● **PROBLEM DETAILS**
Transcribe the full listing exactly, and drop every picture.

● **DATA SHOWN**
::::::::
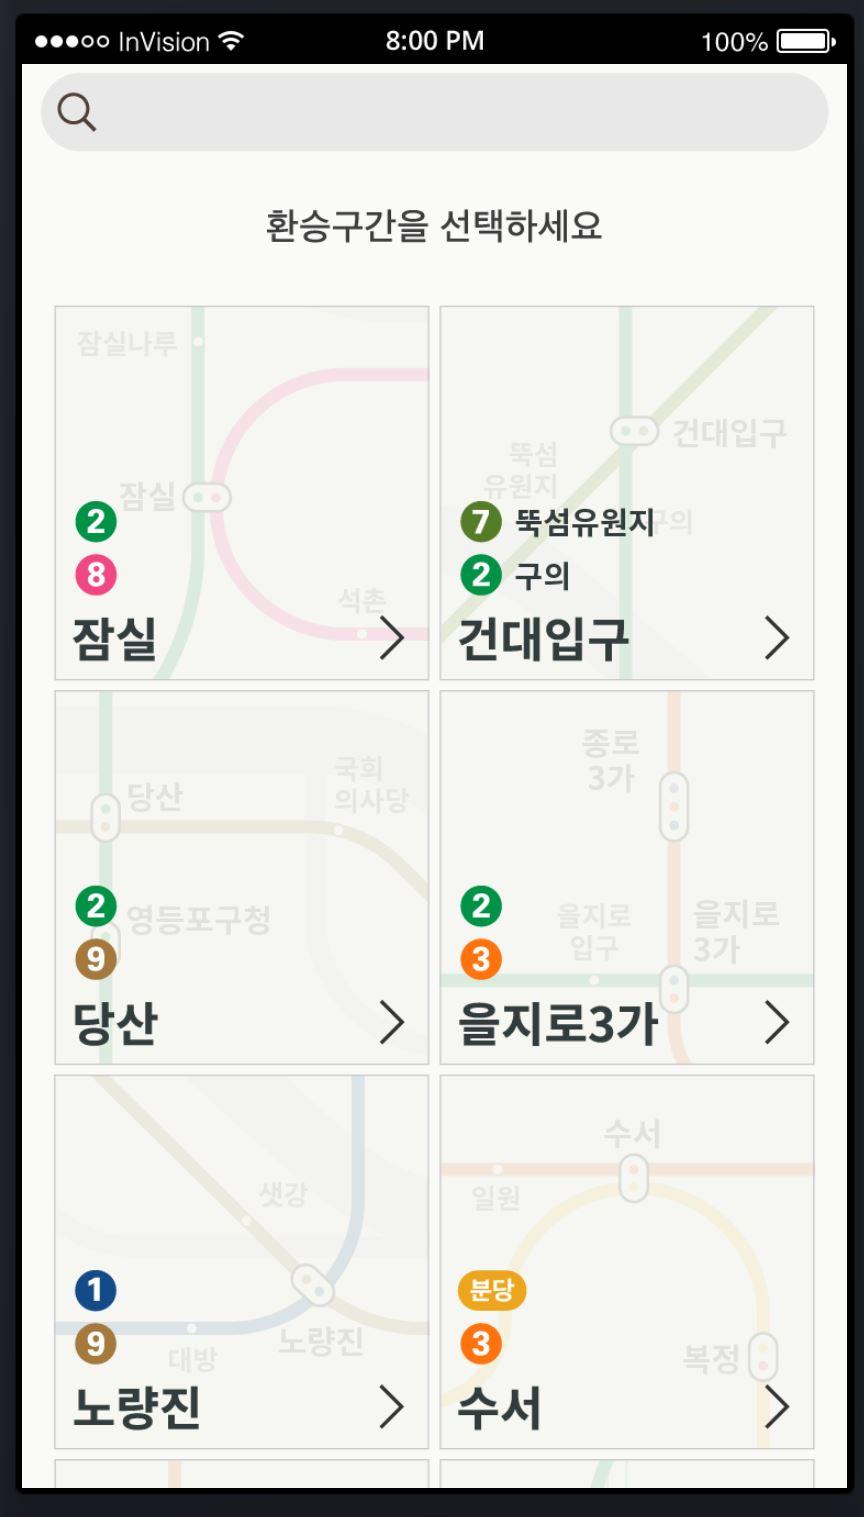 muui homepage-subway-noon design capture 1.JPG
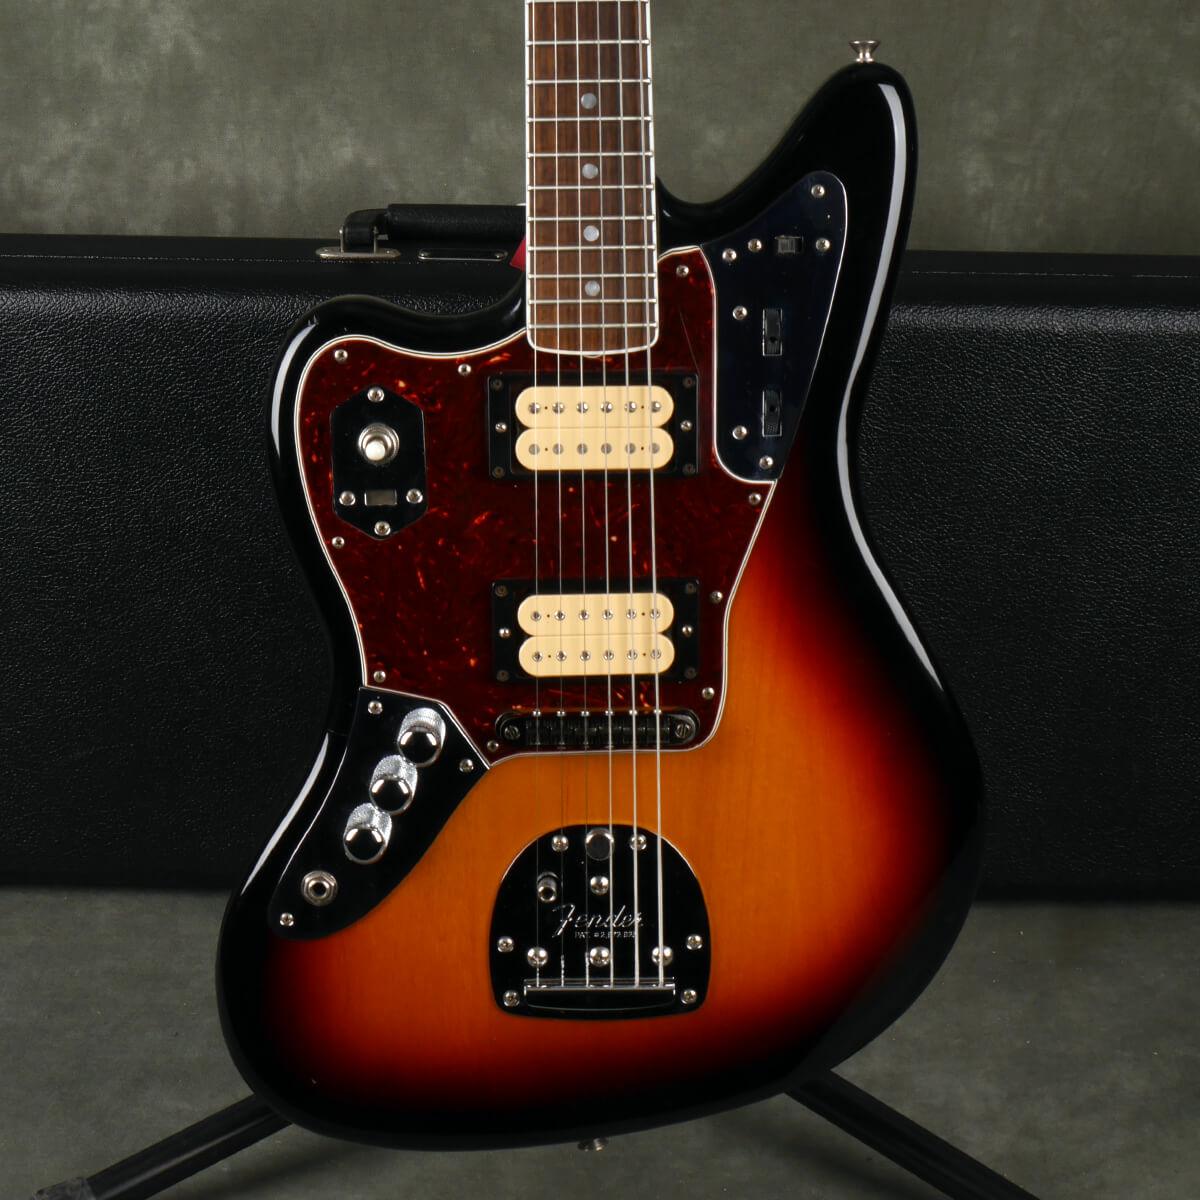 Fender Kurt Cobain Jaguar NOS - Left Handed - Sunburst w/Hard Case - 2nd Hand
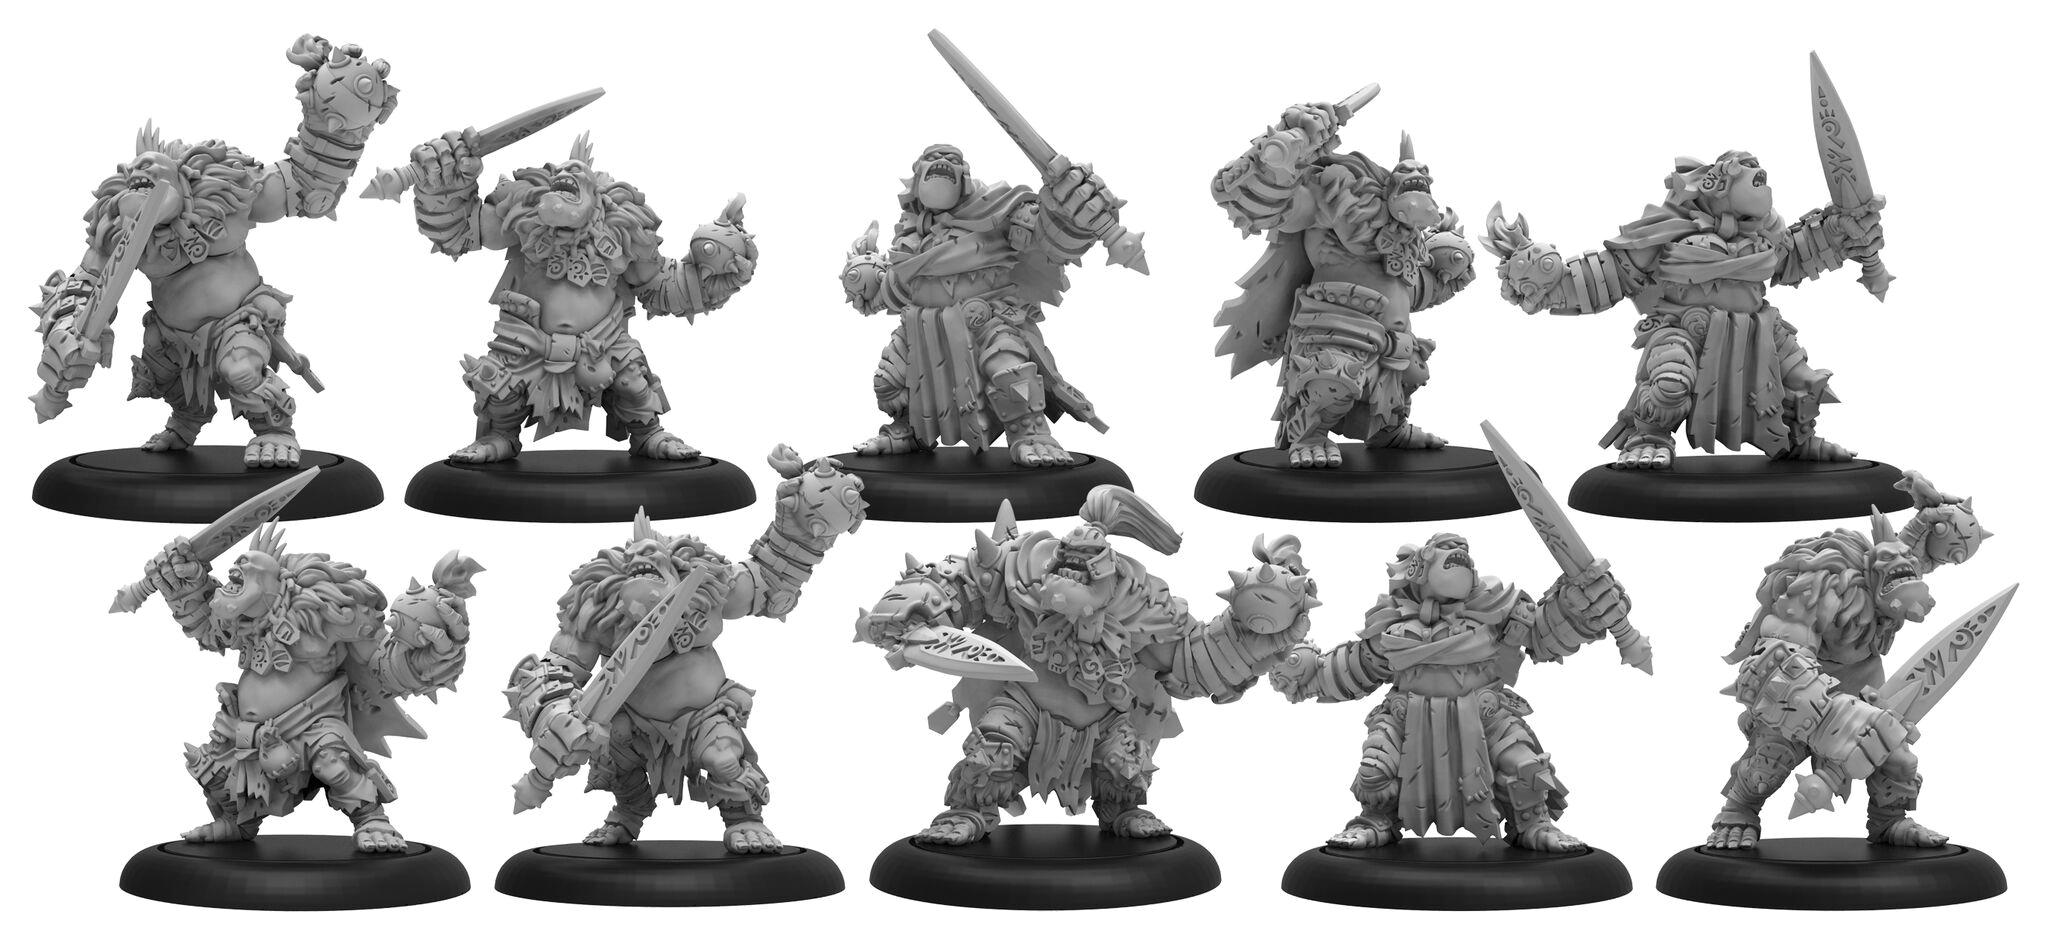 Hordes: Trollblood Northkin Raiders Unit Attachment (resin/metal) Box Front
::::::::
● **WRITTEN ANSWER**
 muui homepage-subway-noon design capture 1.JPG
 Fender Kurt Cobain Jaguar NOS - Left Handed - Sunburst w/Hard Case - 2nd Hand
 Hordes: Trollblood Northkin Raiders Unit Attachment (resin/metal) Box Front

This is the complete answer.